GOAL OF THE EXERCISE:
What is needed is an exact transcription of the listing, with the images removed.

**** AVAILABLE DATA ****

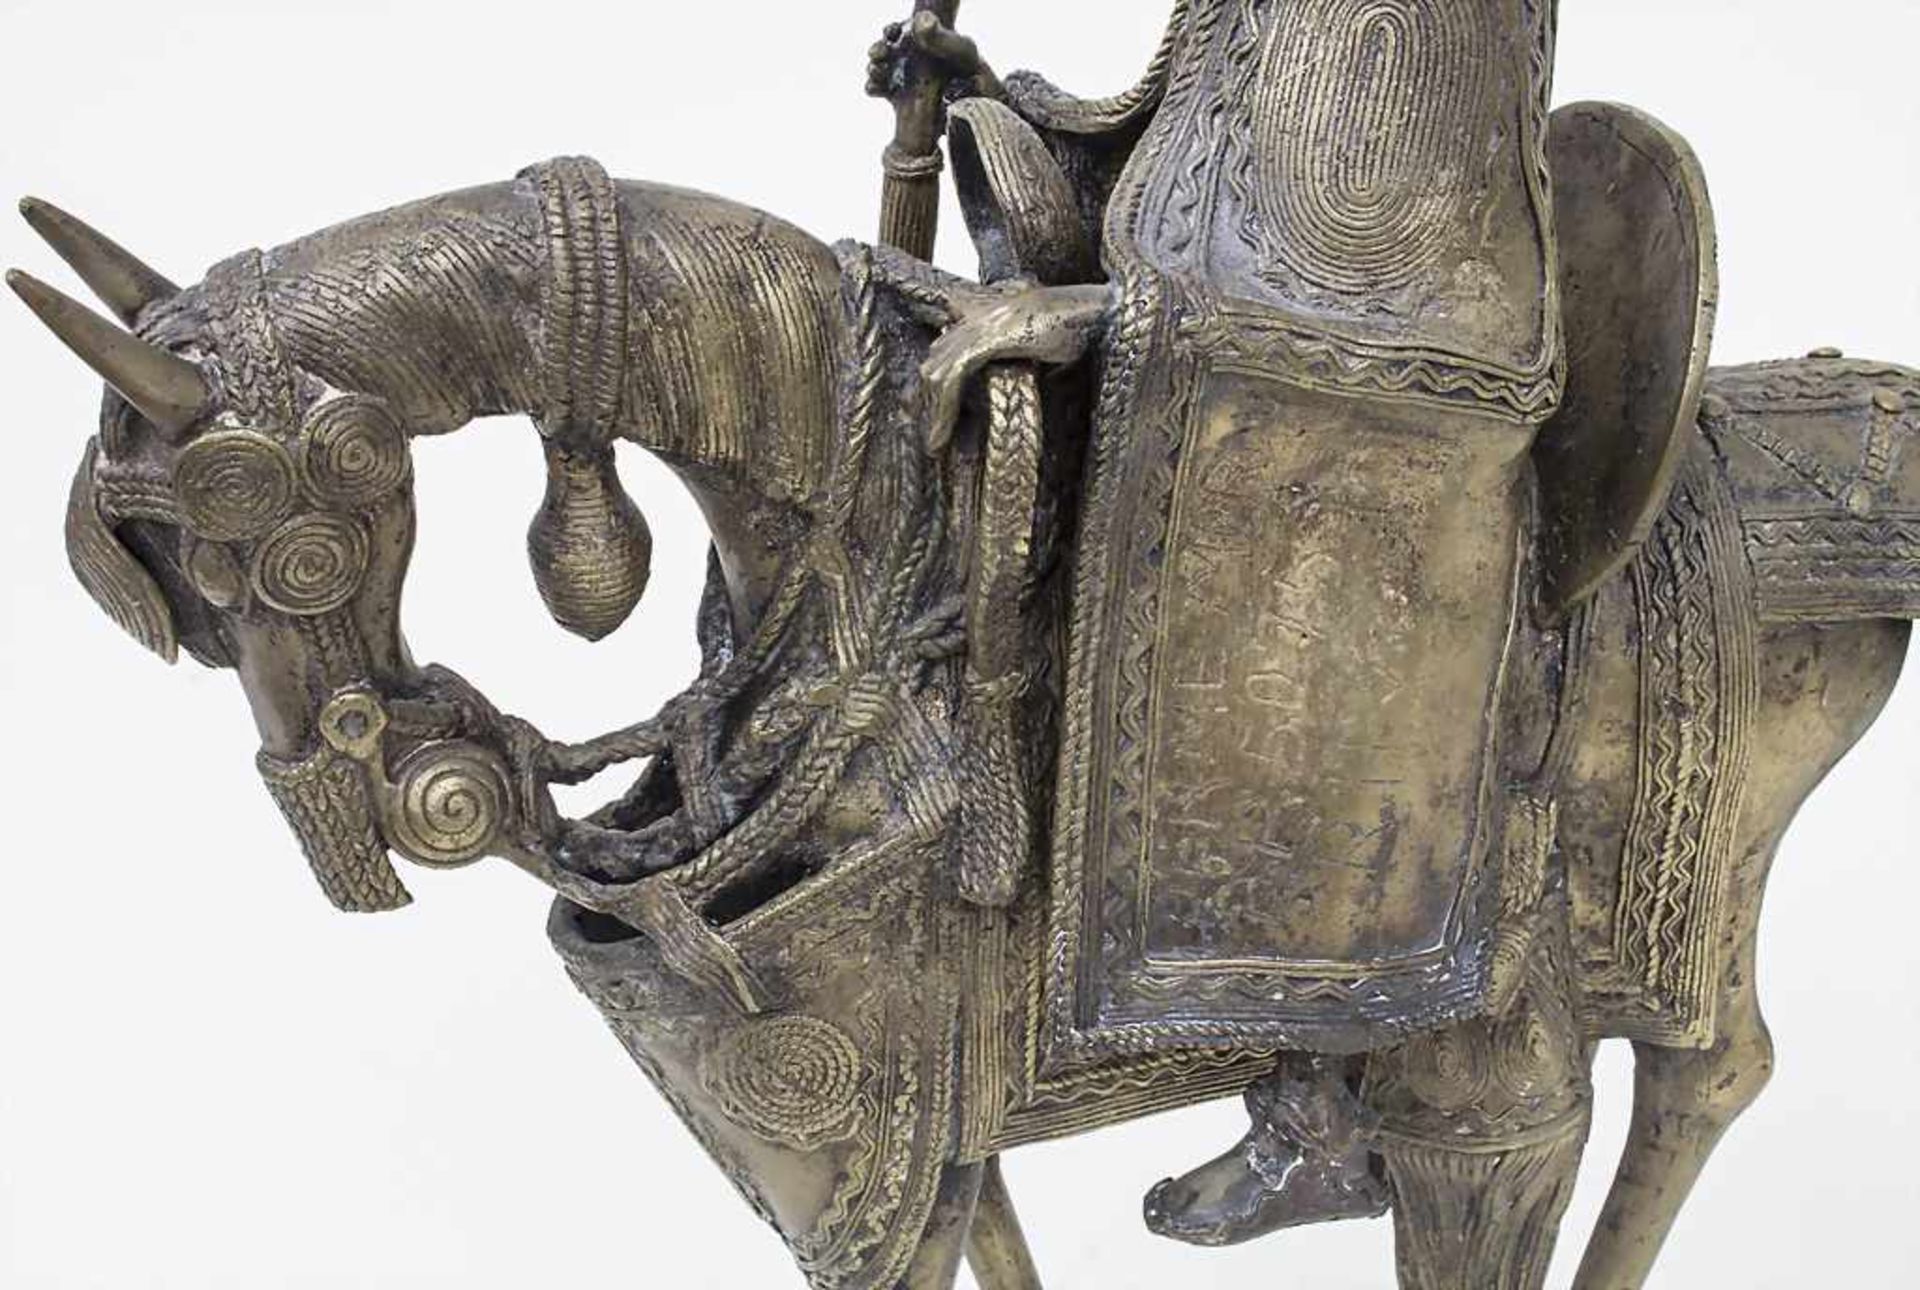 Würdenträger auf Pferd / A Dignitary on the horse, Äthiopien, 20. Jh. Material: Bronze, Höhe: 41 cm, - Bild 3 aus 4
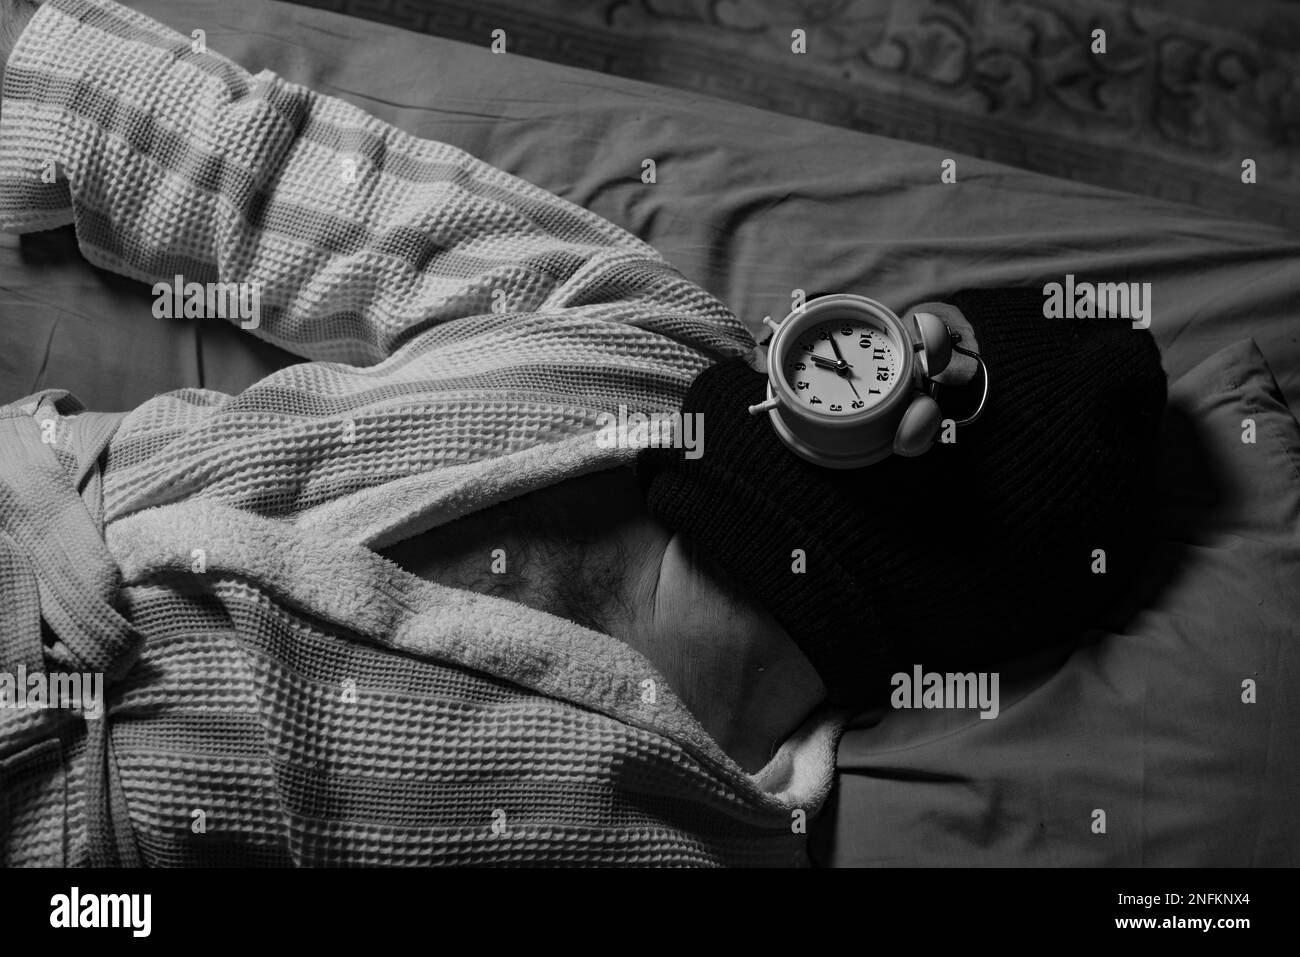 Voleur de temps, concept de procrastination. Un homme dans une balaclava se trouve et dort avec un réveil sur son visage. Gérez votre temps. Image en noir et blanc. Banque D'Images
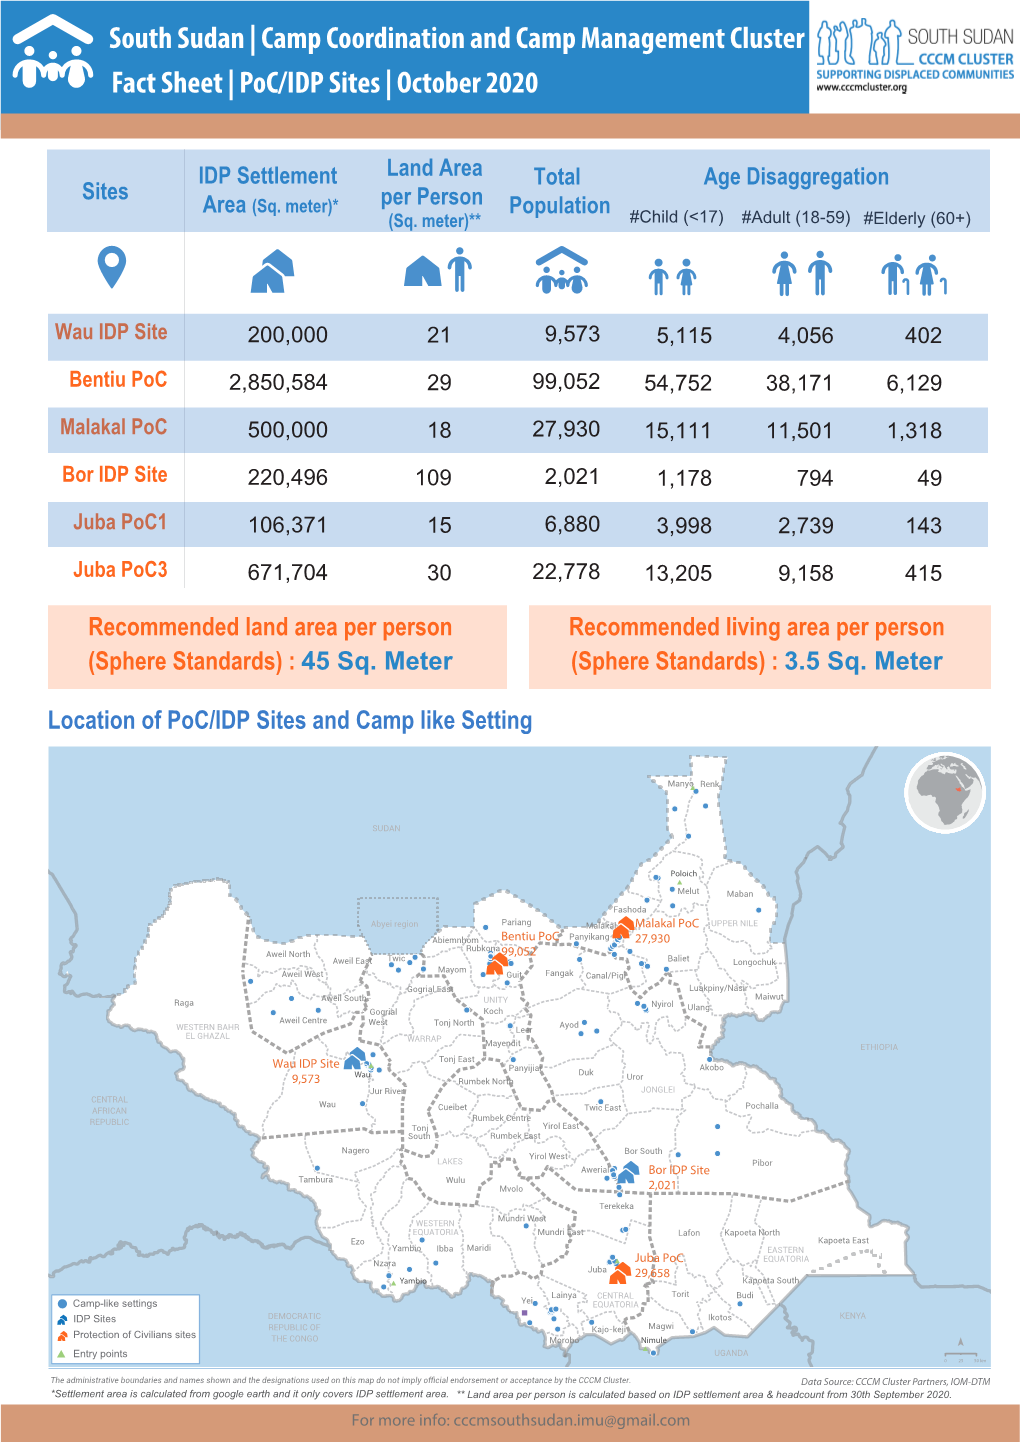 202001011 Poc IDP Sites Fact Sheet October 2020

****

TASK SOLUTION:
 Würdenträger auf Pferd / A Dignitary on the horse, Äthiopien, 20. Jh. Material: Bronze, Höhe: 41 cm, - Bild 3 aus 4
 Voleur de temps, concept de procrastination. Un homme dans une balaclava se trouve et dort avec un réveil sur son visage. Gérez votre temps. Image en noir et blanc. Banque D'Images
 202001011 Poc IDP Sites Fact Sheet October 2020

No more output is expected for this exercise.